▶ **TASK TO CARRY OUT**
Write every entry out again, unchanged.

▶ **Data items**
+-------+
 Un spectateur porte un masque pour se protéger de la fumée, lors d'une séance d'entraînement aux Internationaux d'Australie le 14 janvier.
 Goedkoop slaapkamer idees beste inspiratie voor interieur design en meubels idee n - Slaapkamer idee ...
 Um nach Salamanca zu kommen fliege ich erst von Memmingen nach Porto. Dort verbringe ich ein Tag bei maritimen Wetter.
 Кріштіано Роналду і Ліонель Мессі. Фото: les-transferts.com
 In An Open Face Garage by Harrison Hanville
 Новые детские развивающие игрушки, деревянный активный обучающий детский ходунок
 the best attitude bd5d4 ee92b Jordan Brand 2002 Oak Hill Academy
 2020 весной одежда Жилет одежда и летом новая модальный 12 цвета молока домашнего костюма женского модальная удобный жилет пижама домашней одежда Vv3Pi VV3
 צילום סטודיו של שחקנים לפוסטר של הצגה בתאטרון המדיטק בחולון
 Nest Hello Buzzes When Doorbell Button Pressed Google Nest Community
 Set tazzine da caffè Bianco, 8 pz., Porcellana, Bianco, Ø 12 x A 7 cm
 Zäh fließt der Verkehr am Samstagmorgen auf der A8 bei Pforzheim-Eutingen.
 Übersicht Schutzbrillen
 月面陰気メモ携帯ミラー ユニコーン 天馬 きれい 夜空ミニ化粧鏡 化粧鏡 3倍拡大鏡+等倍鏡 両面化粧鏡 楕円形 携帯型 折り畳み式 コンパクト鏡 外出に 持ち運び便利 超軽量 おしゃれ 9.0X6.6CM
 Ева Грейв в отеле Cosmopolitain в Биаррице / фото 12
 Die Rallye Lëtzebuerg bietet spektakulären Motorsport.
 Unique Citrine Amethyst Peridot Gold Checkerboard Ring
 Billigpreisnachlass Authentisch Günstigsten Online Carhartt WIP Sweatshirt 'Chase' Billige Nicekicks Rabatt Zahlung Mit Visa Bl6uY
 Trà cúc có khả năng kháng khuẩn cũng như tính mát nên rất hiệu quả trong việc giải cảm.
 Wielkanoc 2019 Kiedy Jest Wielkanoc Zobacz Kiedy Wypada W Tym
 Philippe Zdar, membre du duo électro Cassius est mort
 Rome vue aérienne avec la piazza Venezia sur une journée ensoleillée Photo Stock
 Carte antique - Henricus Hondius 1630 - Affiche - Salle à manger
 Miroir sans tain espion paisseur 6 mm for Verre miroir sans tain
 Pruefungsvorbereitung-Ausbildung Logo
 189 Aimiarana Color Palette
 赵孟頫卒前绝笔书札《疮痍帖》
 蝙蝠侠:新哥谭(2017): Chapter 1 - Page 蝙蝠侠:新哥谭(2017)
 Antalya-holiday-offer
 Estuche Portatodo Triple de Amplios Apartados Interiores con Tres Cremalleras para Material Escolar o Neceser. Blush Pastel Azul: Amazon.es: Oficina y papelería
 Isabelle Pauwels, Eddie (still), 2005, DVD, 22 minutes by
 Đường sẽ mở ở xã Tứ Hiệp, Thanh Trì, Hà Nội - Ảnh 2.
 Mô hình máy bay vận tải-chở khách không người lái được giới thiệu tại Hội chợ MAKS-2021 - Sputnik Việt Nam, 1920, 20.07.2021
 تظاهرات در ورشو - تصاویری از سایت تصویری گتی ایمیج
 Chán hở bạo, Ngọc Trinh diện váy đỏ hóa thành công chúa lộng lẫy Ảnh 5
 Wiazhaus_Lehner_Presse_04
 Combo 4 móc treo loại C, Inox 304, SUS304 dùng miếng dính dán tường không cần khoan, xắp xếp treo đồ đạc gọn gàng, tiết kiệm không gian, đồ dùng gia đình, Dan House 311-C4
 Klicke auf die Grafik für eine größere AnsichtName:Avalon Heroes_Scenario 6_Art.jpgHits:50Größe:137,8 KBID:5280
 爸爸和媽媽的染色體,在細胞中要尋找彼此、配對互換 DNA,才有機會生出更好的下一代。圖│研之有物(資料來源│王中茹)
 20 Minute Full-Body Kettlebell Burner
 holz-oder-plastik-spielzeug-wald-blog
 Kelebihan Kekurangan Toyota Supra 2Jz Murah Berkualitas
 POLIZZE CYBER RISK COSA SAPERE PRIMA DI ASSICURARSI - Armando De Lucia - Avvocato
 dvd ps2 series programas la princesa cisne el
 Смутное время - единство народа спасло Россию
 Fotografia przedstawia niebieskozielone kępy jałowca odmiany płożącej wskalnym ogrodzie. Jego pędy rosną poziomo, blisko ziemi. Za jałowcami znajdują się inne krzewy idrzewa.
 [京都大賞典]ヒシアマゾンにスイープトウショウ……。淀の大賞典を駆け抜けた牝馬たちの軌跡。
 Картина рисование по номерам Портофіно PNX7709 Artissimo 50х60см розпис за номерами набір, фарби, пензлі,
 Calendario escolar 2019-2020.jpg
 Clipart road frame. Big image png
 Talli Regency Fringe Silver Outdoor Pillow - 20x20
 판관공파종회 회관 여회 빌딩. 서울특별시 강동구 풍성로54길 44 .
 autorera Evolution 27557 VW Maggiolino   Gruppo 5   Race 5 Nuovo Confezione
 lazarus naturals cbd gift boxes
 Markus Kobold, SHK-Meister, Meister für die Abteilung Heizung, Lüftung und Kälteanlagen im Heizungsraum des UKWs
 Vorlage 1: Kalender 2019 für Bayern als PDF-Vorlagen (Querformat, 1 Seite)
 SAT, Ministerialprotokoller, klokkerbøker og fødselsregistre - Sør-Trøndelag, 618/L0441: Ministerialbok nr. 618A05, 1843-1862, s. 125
+-------+
▶ **ANSWER SECTION**
 Un spectateur porte un masque pour se protéger de la fumée, lors d'une séance d'entraînement aux Internationaux d'Australie le 14 janvier.
 Goedkoop slaapkamer idees beste inspiratie voor interieur design en meubels idee n - Slaapkamer idee ...
 Um nach Salamanca zu kommen fliege ich erst von Memmingen nach Porto. Dort verbringe ich ein Tag bei maritimen Wetter.
 Кріштіано Роналду і Ліонель Мессі. Фото: les-transferts.com
 In An Open Face Garage by Harrison Hanville
 Новые детские развивающие игрушки, деревянный активный обучающий детский ходунок
 the best attitude bd5d4 ee92b Jordan Brand 2002 Oak Hill Academy
 2020 весной одежда Жилет одежда и летом новая модальный 12 цвета молока домашнего костюма женского модальная удобный жилет пижама домашней одежда Vv3Pi VV3
 צילום סטודיו של שחקנים לפוסטר של הצגה בתאטרון המדיטק בחולון
 Nest Hello Buzzes When Doorbell Button Pressed Google Nest Community
 Set tazzine da caffè Bianco, 8 pz., Porcellana, Bianco, Ø 12 x A 7 cm
 Zäh fließt der Verkehr am Samstagmorgen auf der A8 bei Pforzheim-Eutingen.
 Übersicht Schutzbrillen
 月面陰気メモ携帯ミラー ユニコーン 天馬 きれい 夜空ミニ化粧鏡 化粧鏡 3倍拡大鏡+等倍鏡 両面化粧鏡 楕円形 携帯型 折り畳み式 コンパクト鏡 外出に 持ち運び便利 超軽量 おしゃれ 9.0X6.6CM
 Ева Грейв в отеле Cosmopolitain в Биаррице / фото 12
 Die Rallye Lëtzebuerg bietet spektakulären Motorsport.
 Unique Citrine Amethyst Peridot Gold Checkerboard Ring
 Billigpreisnachlass Authentisch Günstigsten Online Carhartt WIP Sweatshirt 'Chase' Billige Nicekicks Rabatt Zahlung Mit Visa Bl6uY
 Trà cúc có khả năng kháng khuẩn cũng như tính mát nên rất hiệu quả trong việc giải cảm.
 Wielkanoc 2019 Kiedy Jest Wielkanoc Zobacz Kiedy Wypada W Tym
 Philippe Zdar, membre du duo électro Cassius est mort
 Rome vue aérienne avec la piazza Venezia sur une journée ensoleillée Photo Stock
 Carte antique - Henricus Hondius 1630 - Affiche - Salle à manger
 Miroir sans tain espion paisseur 6 mm for Verre miroir sans tain
 Pruefungsvorbereitung-Ausbildung Logo
 189 Aimiarana Color Palette
 赵孟頫卒前绝笔书札《疮痍帖》
 蝙蝠侠:新哥谭(2017): Chapter 1 - Page 蝙蝠侠:新哥谭(2017)
 Antalya-holiday-offer
 Estuche Portatodo Triple de Amplios Apartados Interiores con Tres Cremalleras para Material Escolar o Neceser. Blush Pastel Azul: Amazon.es: Oficina y papelería
 Isabelle Pauwels, Eddie (still), 2005, DVD, 22 minutes by
 Đường sẽ mở ở xã Tứ Hiệp, Thanh Trì, Hà Nội - Ảnh 2.
 Mô hình máy bay vận tải-chở khách không người lái được giới thiệu tại Hội chợ MAKS-2021 - Sputnik Việt Nam, 1920, 20.07.2021
 تظاهرات در ورشو - تصاویری از سایت تصویری گتی ایمیج
 Chán hở bạo, Ngọc Trinh diện váy đỏ hóa thành công chúa lộng lẫy Ảnh 5
 Wiazhaus_Lehner_Presse_04
 Combo 4 móc treo loại C, Inox 304, SUS304 dùng miếng dính dán tường không cần khoan, xắp xếp treo đồ đạc gọn gàng, tiết kiệm không gian, đồ dùng gia đình, Dan House 311-C4
 Klicke auf die Grafik für eine größere AnsichtName:Avalon Heroes_Scenario 6_Art.jpgHits:50Größe:137,8 KBID:5280
 爸爸和媽媽的染色體,在細胞中要尋找彼此、配對互換 DNA,才有機會生出更好的下一代。圖│研之有物(資料來源│王中茹)
 20 Minute Full-Body Kettlebell Burner
 holz-oder-plastik-spielzeug-wald-blog
 Kelebihan Kekurangan Toyota Supra 2Jz Murah Berkualitas
 POLIZZE CYBER RISK COSA SAPERE PRIMA DI ASSICURARSI - Armando De Lucia - Avvocato
 dvd ps2 series programas la princesa cisne el
 Смутное время - единство народа спасло Россию
 Fotografia przedstawia niebieskozielone kępy jałowca odmiany płożącej wskalnym ogrodzie. Jego pędy rosną poziomo, blisko ziemi. Za jałowcami znajdują się inne krzewy idrzewa.
 [京都大賞典]ヒシアマゾンにスイープトウショウ……。淀の大賞典を駆け抜けた牝馬たちの軌跡。
 Картина рисование по номерам Портофіно PNX7709 Artissimo 50х60см розпис за номерами набір, фарби, пензлі,
 Calendario escolar 2019-2020.jpg
 Clipart road frame. Big image png
 Talli Regency Fringe Silver Outdoor Pillow - 20x20
 판관공파종회 회관 여회 빌딩. 서울특별시 강동구 풍성로54길 44 .
 autorera Evolution 27557 VW Maggiolino   Gruppo 5   Race 5 Nuovo Confezione
 lazarus naturals cbd gift boxes
 Markus Kobold, SHK-Meister, Meister für die Abteilung Heizung, Lüftung und Kälteanlagen im Heizungsraum des UKWs
 Vorlage 1: Kalender 2019 für Bayern als PDF-Vorlagen (Querformat, 1 Seite)
 SAT, Ministerialprotokoller, klokkerbøker og fødselsregistre - Sør-Trøndelag, 618/L0441: Ministerialbok nr. 618A05, 1843-1862, s. 125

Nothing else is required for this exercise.